What is a Michelin Star?
For each year since 1936, Michelin has updated its guidebooks to award or deduct up to 3 stars for each restaurant it inspects. The inspection process is shrouded in secrecy to avoid conflicts of interest and stars are scarcely awarded. The stars have since become one of the most recognized and respected awards a restaurant can achieve, with thousands of chefs from all corners of the globe devoting their lives to the pursuit of just a single star.
In fact, Michelin-starred cooks take the stars so seriously that renowned chefs, such as Gordon Ramsay, have wept over the loss of one or more stars, with some even taking their own lives.
And it’s no wonder. A single star can have customers flocking to that designated restaurant, bringing about both immense amounts of fame and profit. The late and great Joël Robuchon, who himself had an absolutely astounding record of 32 Michelin stars, once said that “with one Michelin star, you get about 20 percent more business. Two stars, you do about 40 percent more business, and with three stars, you’ll do about 100 percent more business.”
Customers and investors alike are therefore very keen to predict which restaurants eventually earn a Michelin star before the competition gets fierce.
But how rare are they exactly? Shouldn’t they be easy to pick out?
Not exactly. Out of almost 1600 popular restaurants in New York City, 47 have one Michelin star, 11 have two, and only 5 have three, making the prediction of a restaurant having even one star a technical challenge.
So then how are Michelin-starred restaurants selected then? Is there a noticeable pattern between each of them?

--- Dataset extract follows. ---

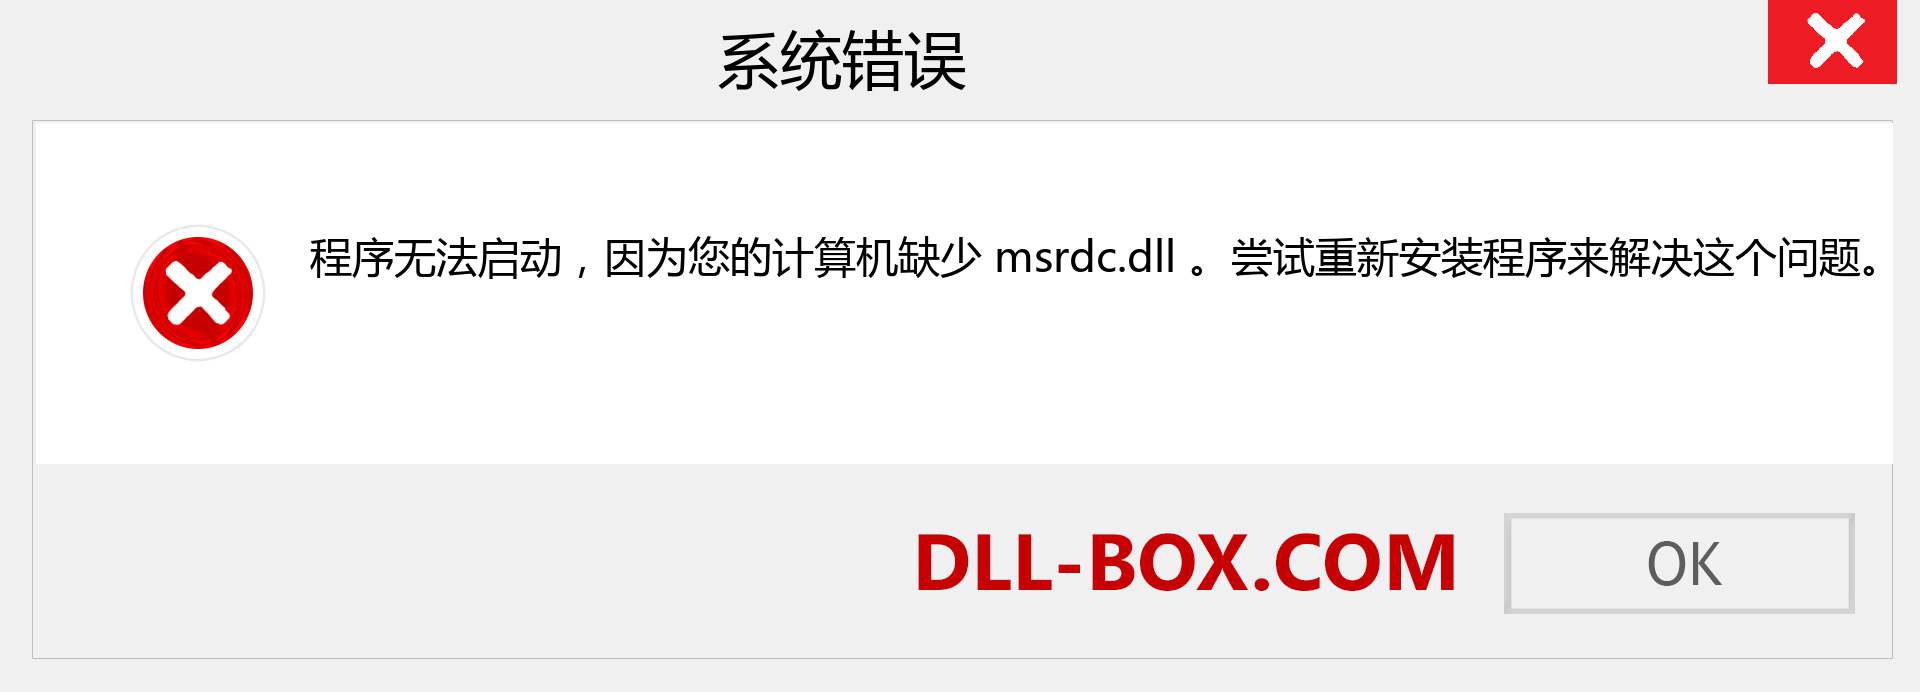 msrdc.dll 文件丢失？。 适用于 Windows 7、8、10 的下载 - 修复 Windows、照片、图像上的 msrdc dll 丢失错误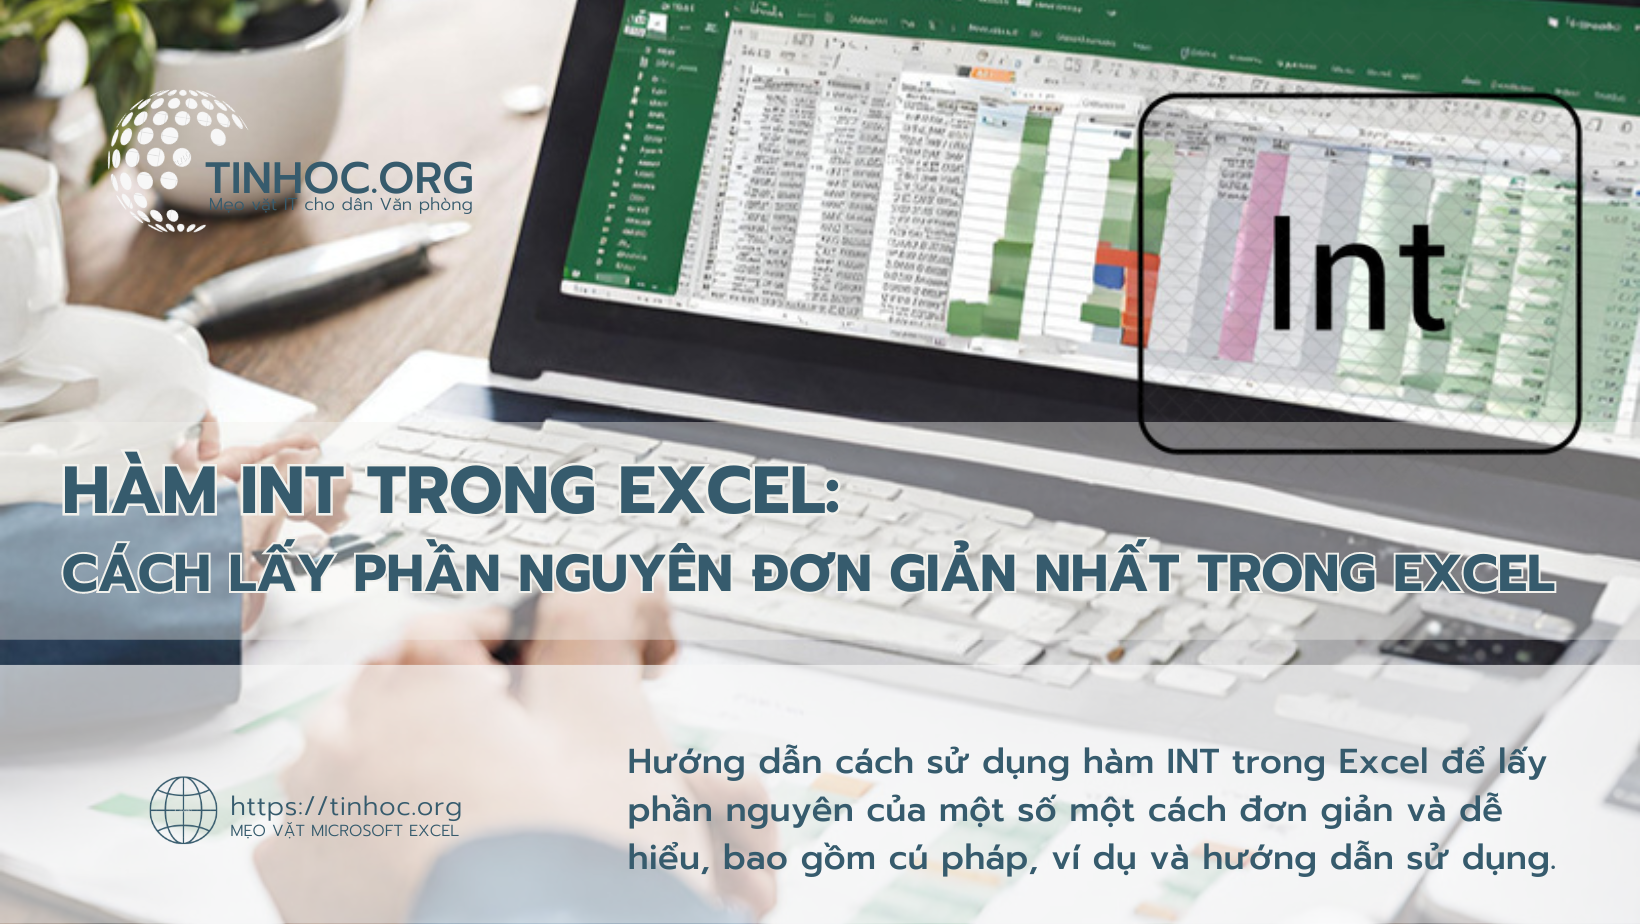 Hướng dẫn cách sử dụng hàm INT trong Excel để lấy phần nguyên của một số một cách đơn giản và dễ hiểu, bao gồm cú pháp, ví dụ và hướng dẫn sử dụng.

I began by scraping TripAdvisor for New York City-based restaurants and performed some exploratory data analysis, hoping for a clue as to what variables could contribute to the obtaining of a Michelin star.
None of the variables above are strongly correlated with the Michelin.Star
and/or the Have.Star
variable, which indicates whether a restaurant has 0, 1, 2, or 3 Michelin stars and at least 1 Michelin star respectively. This should come as no surprise since the awarding of a star is so rare.
What’s more, plotting the Overall.Rating
against the number of Michelin stars on a boxplot shows no significant pattern that suggests a relationship between the two variables. Furthermore, the population size for restaurants with 2 or more Michelin stars makes a conclusive statement infeasible.
For restaurants with at least one Michelin star, the median overall TripAdvisor rating appears to be the same for both boxplots. There’s nothing particularly outlandish about any of the observations. Also, note that the boxplot with restaurants having at least one Michelin star has a wider spread since the population size is sparse.
Sentiment analysis shows that there’s a positive trend between Michelin-starred restaurants and positive sentiment, with the average 0-star restaurant receiving lukewarm reviews and the average 1-star restaurant receiving those that are generally favorable.
However, the correlation matrix displayed earlier shows that there’s no strong correlation between sentiment and Michelin stars, so the above barplot, while interesting, is likely just wishful thinking. The word clouds below demonstrate the relative similarity of TripAdvisor wording between the average restaurant in New York City and restaurants with Michelin stars.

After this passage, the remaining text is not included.